- [What the task asks]
An image-free, verbatim transcription of the records is the expected result.

- [Data listing]
▼▼▼

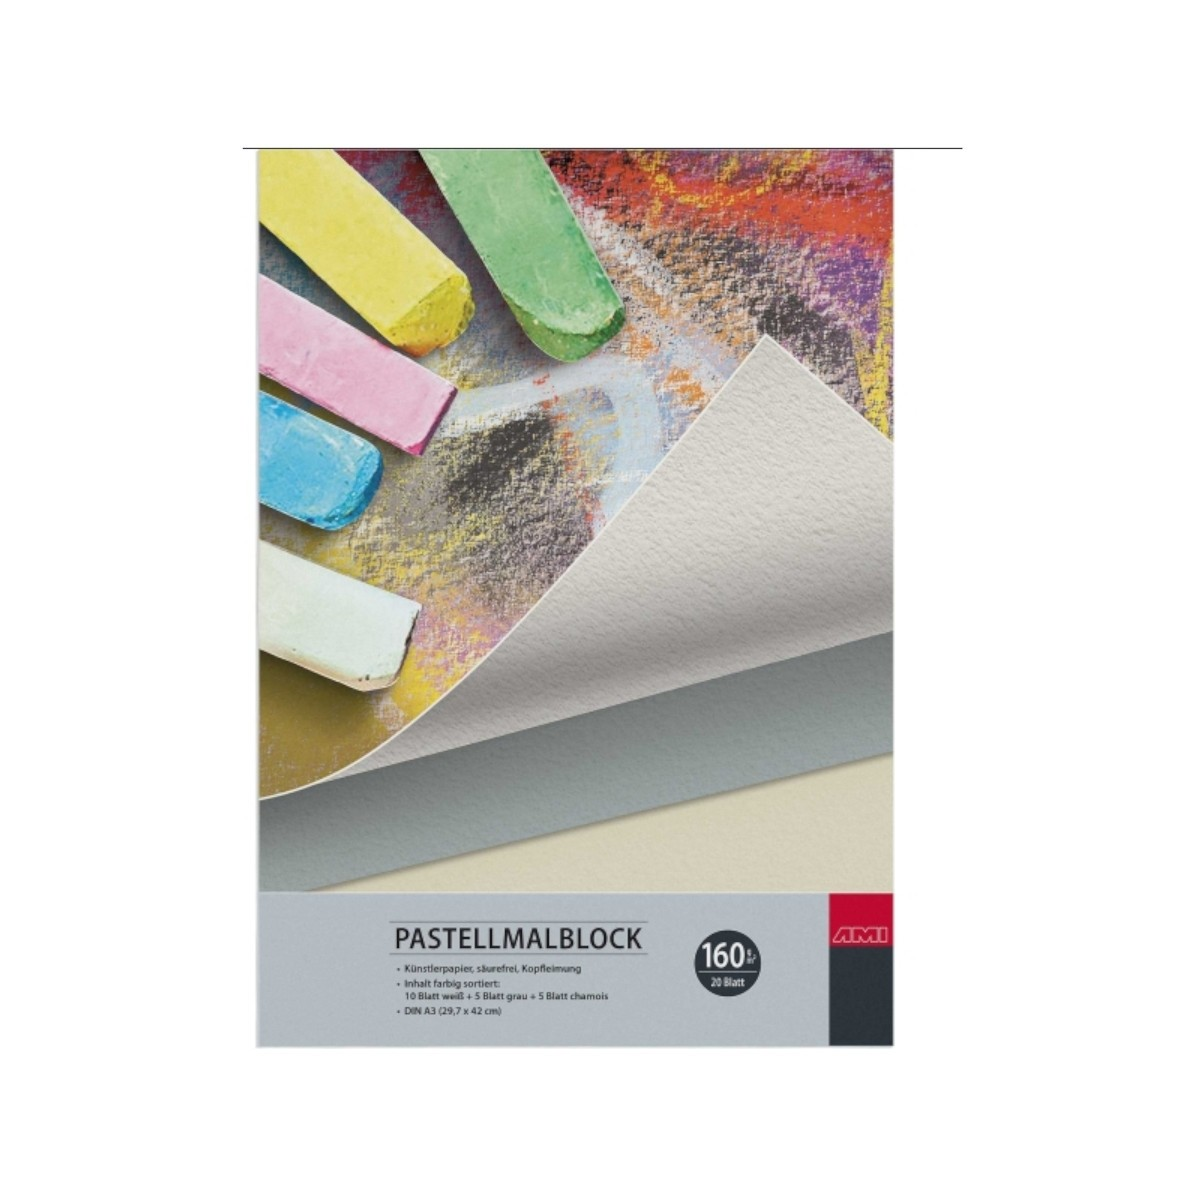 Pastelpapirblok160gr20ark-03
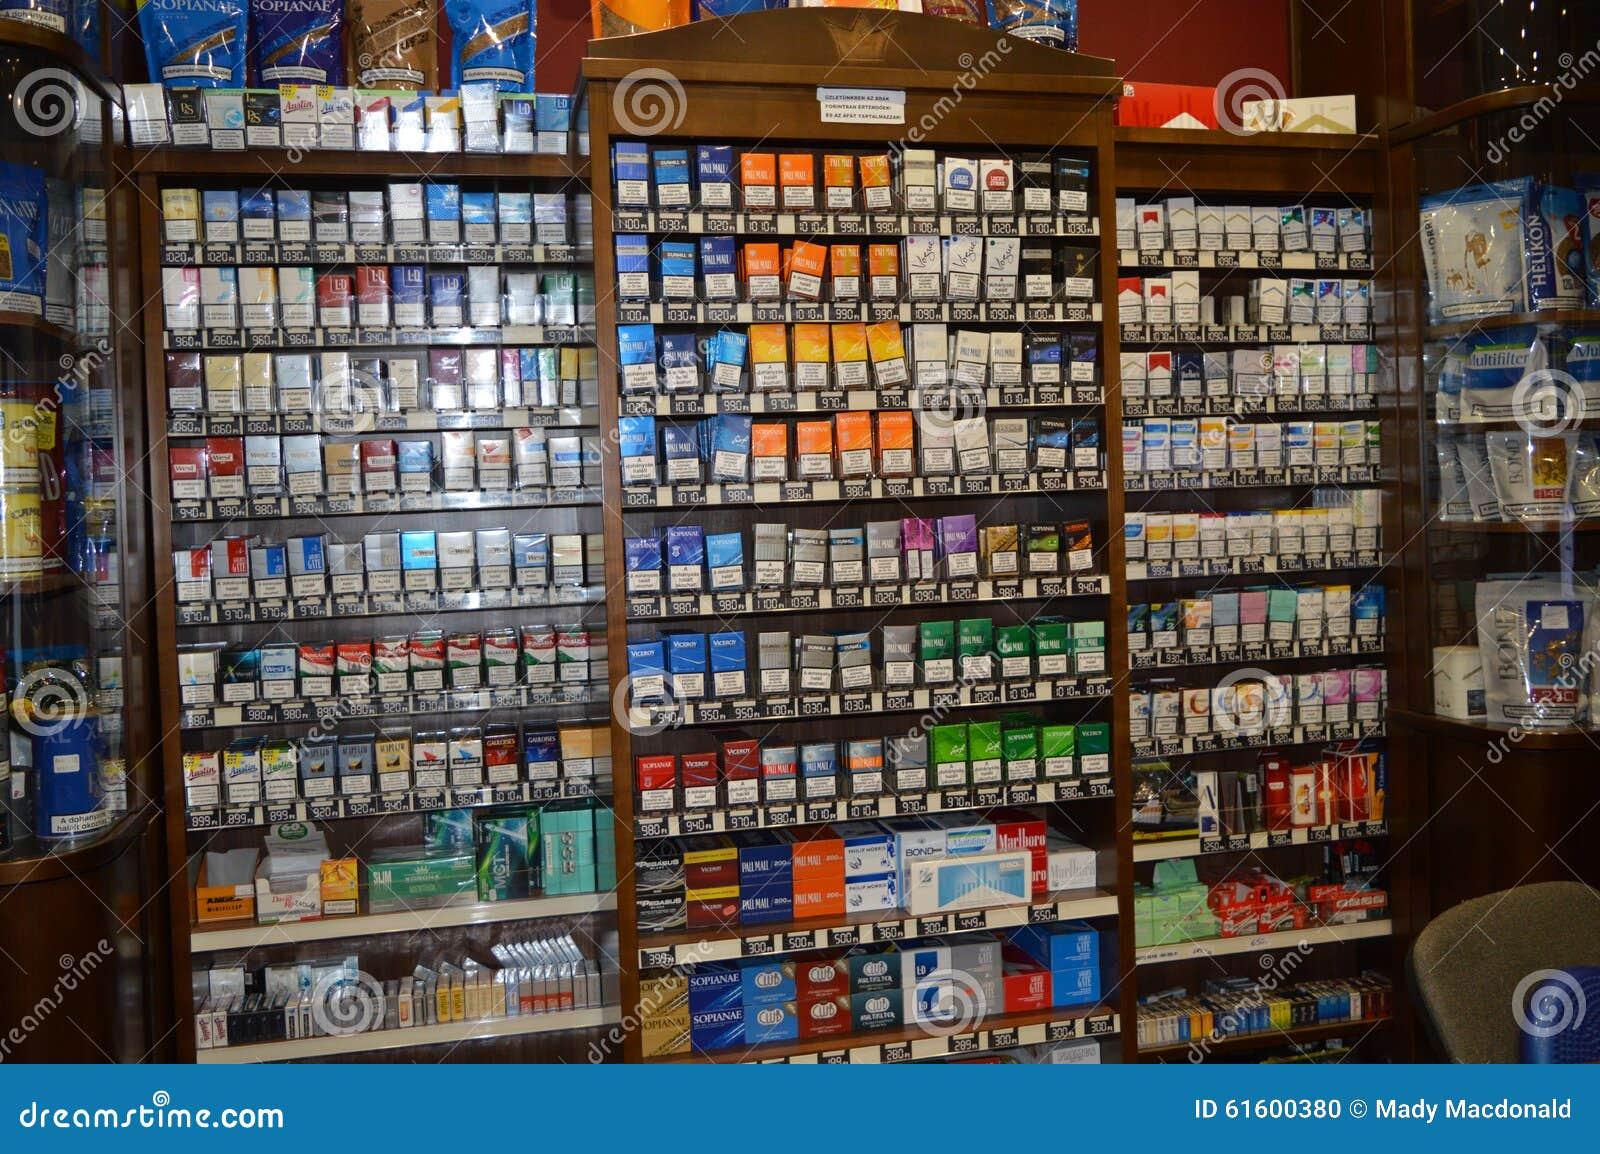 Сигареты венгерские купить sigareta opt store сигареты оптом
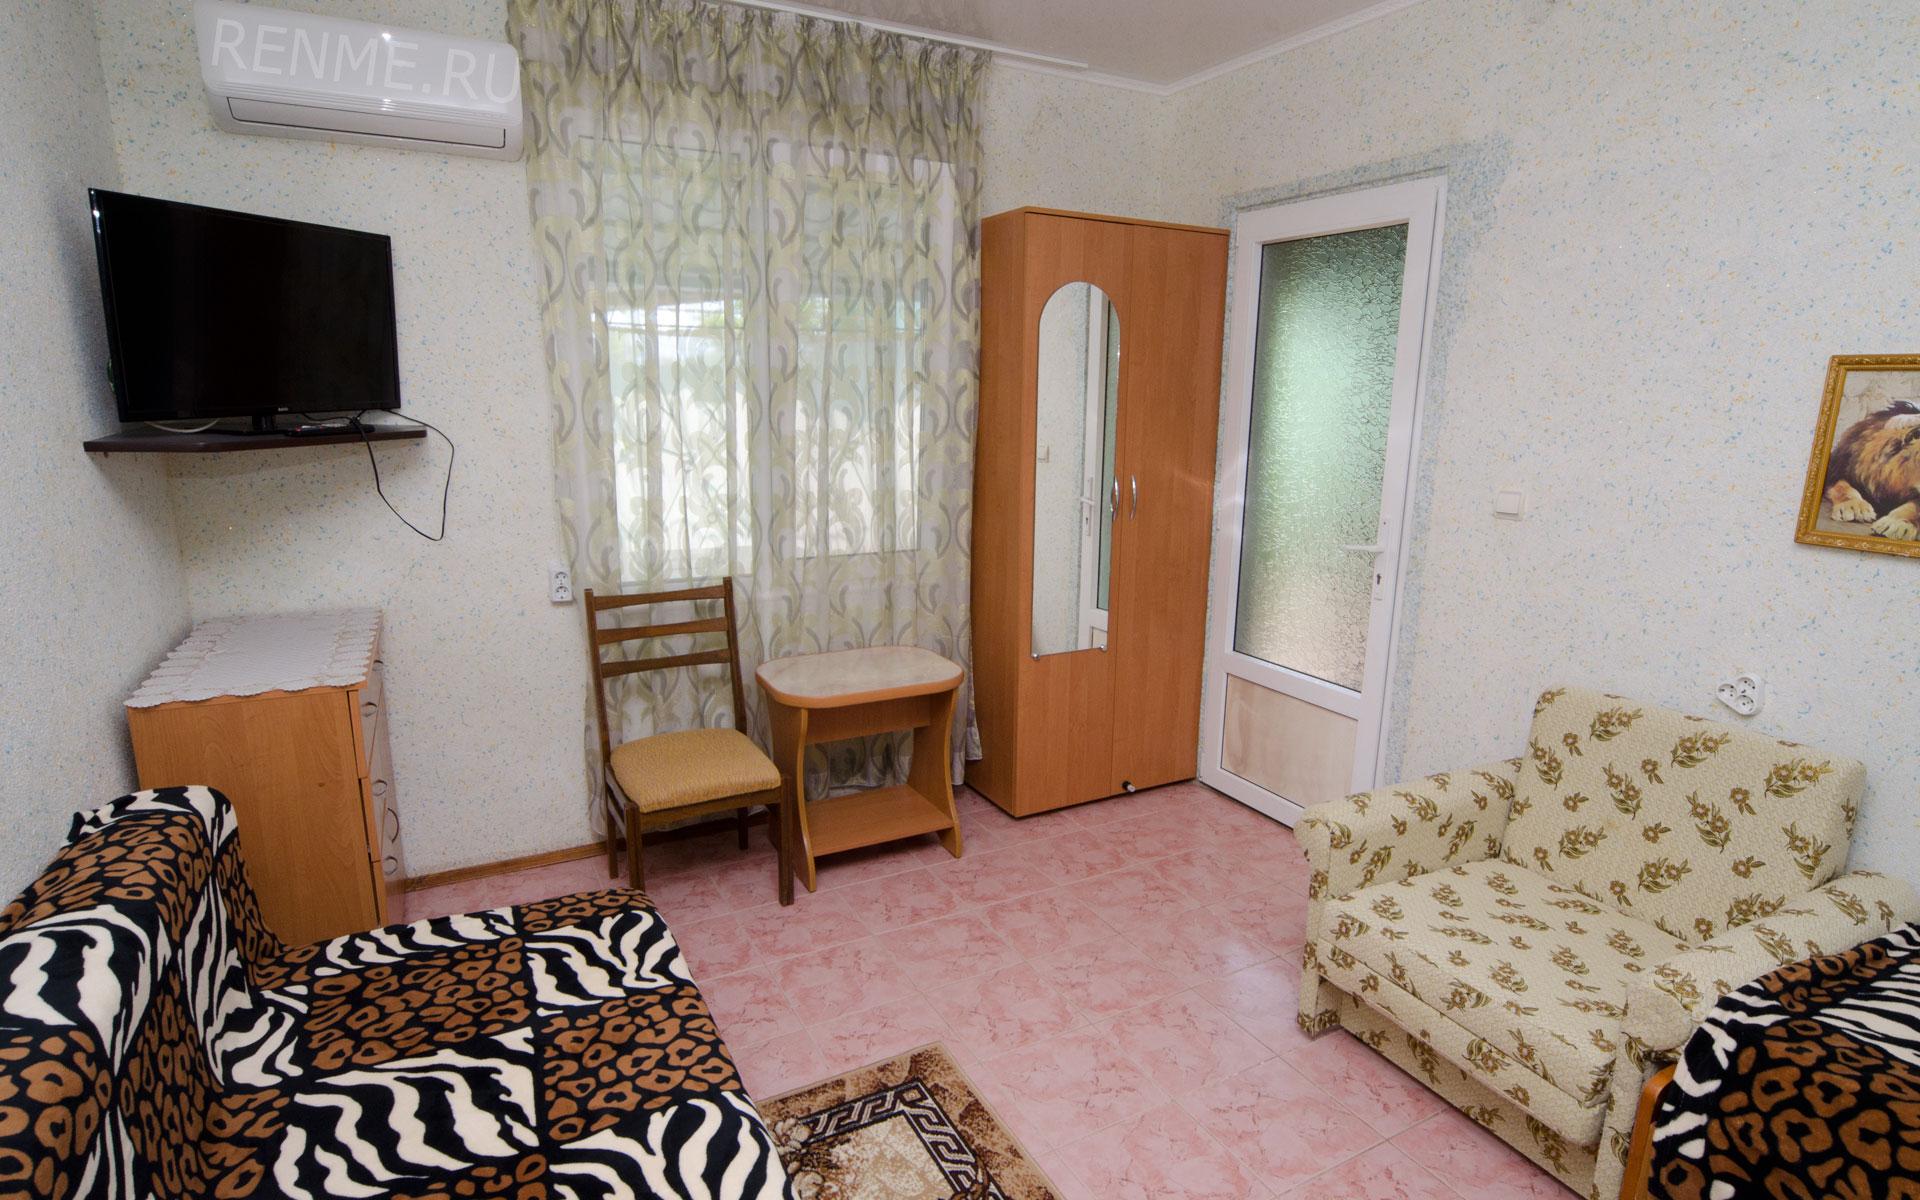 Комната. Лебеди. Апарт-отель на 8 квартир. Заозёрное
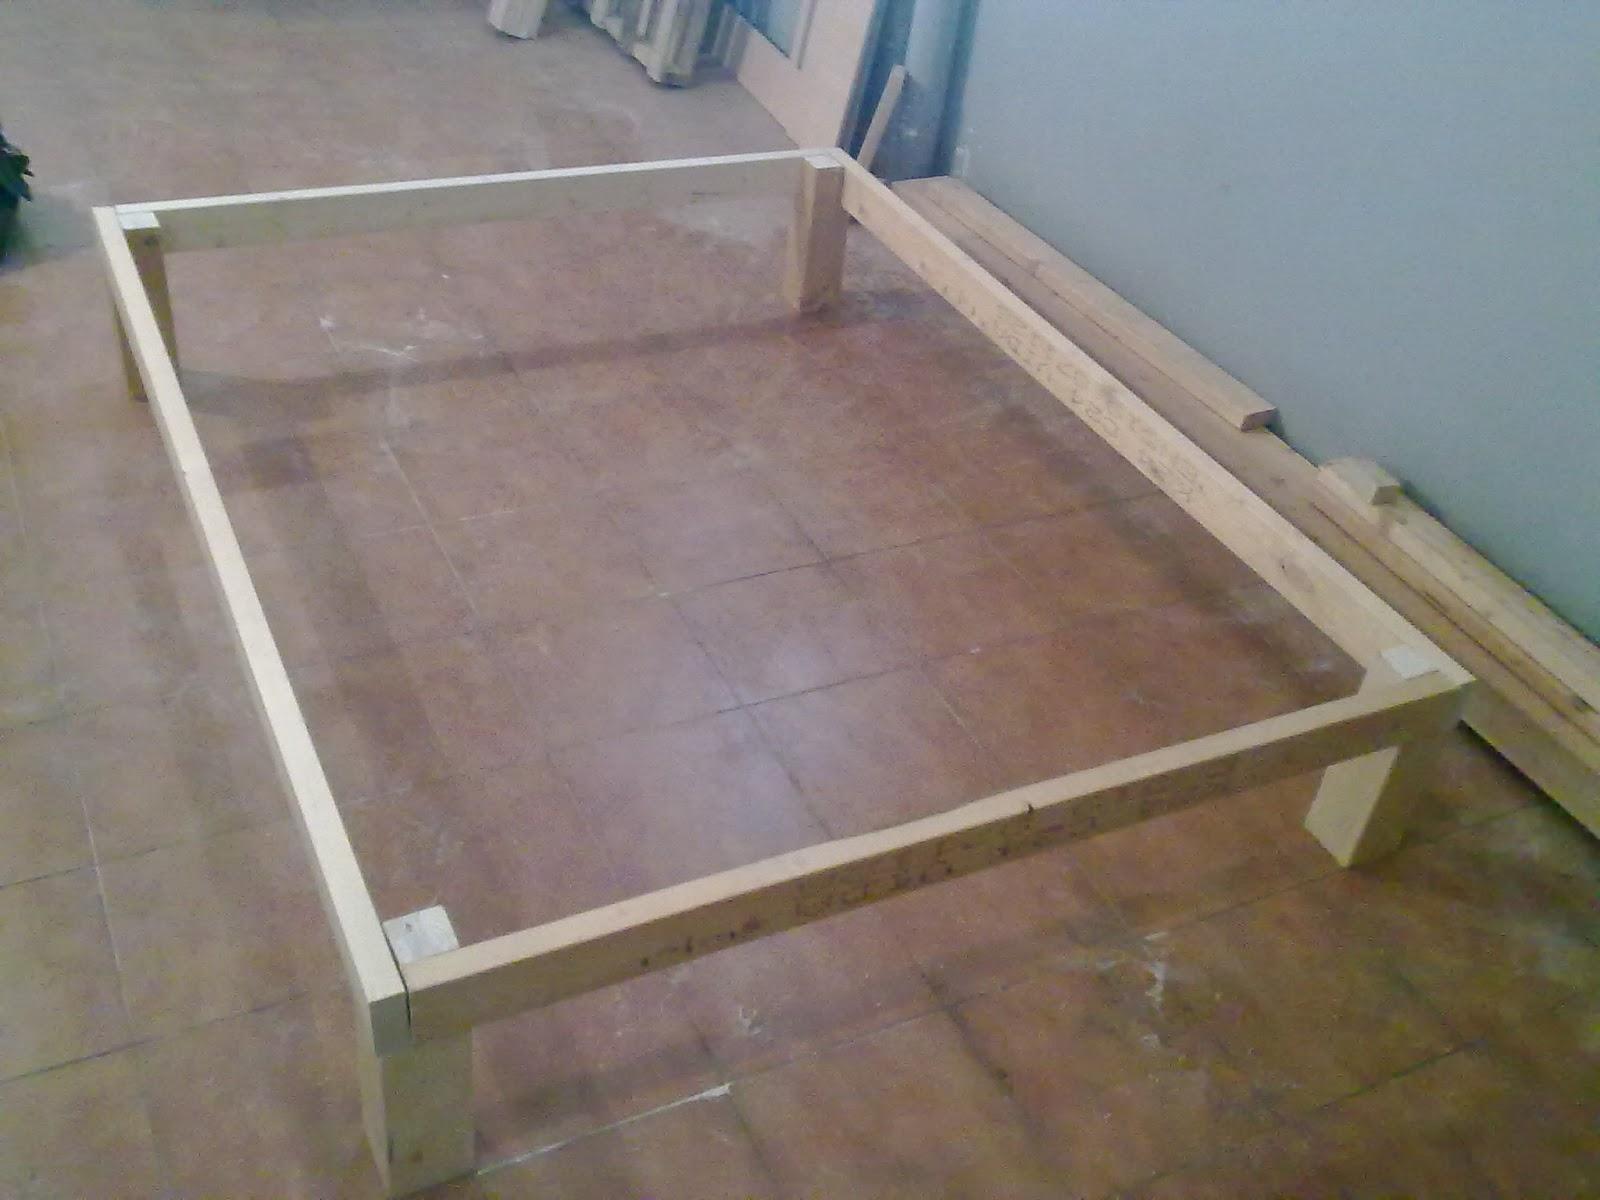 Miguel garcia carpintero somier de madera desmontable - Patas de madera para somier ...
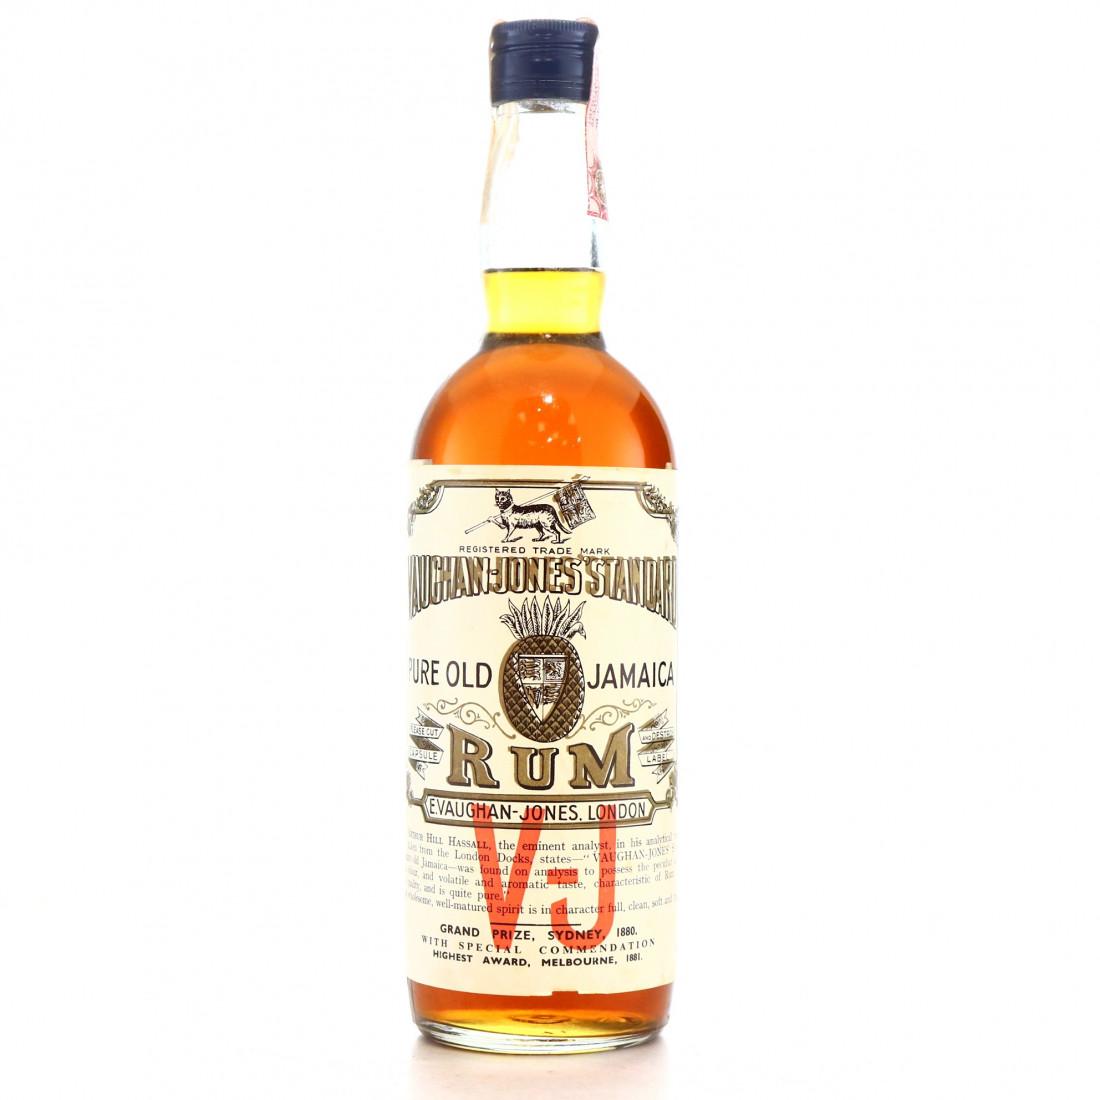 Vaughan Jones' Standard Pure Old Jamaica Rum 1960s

▲▲▲

- [Answer below]
 Pastelpapirblok160gr20ark-03
 Сигареты венгерские купить sigareta opt store сигареты оптом
 Комната. Лебеди. Апарт-отель на 8 квартир. Заозёрное
 Miguel garcia carpintero somier de madera desmontable - Patas de madera para somier ...
 Vaughan Jones' Standard Pure Old Jamaica Rum 1960s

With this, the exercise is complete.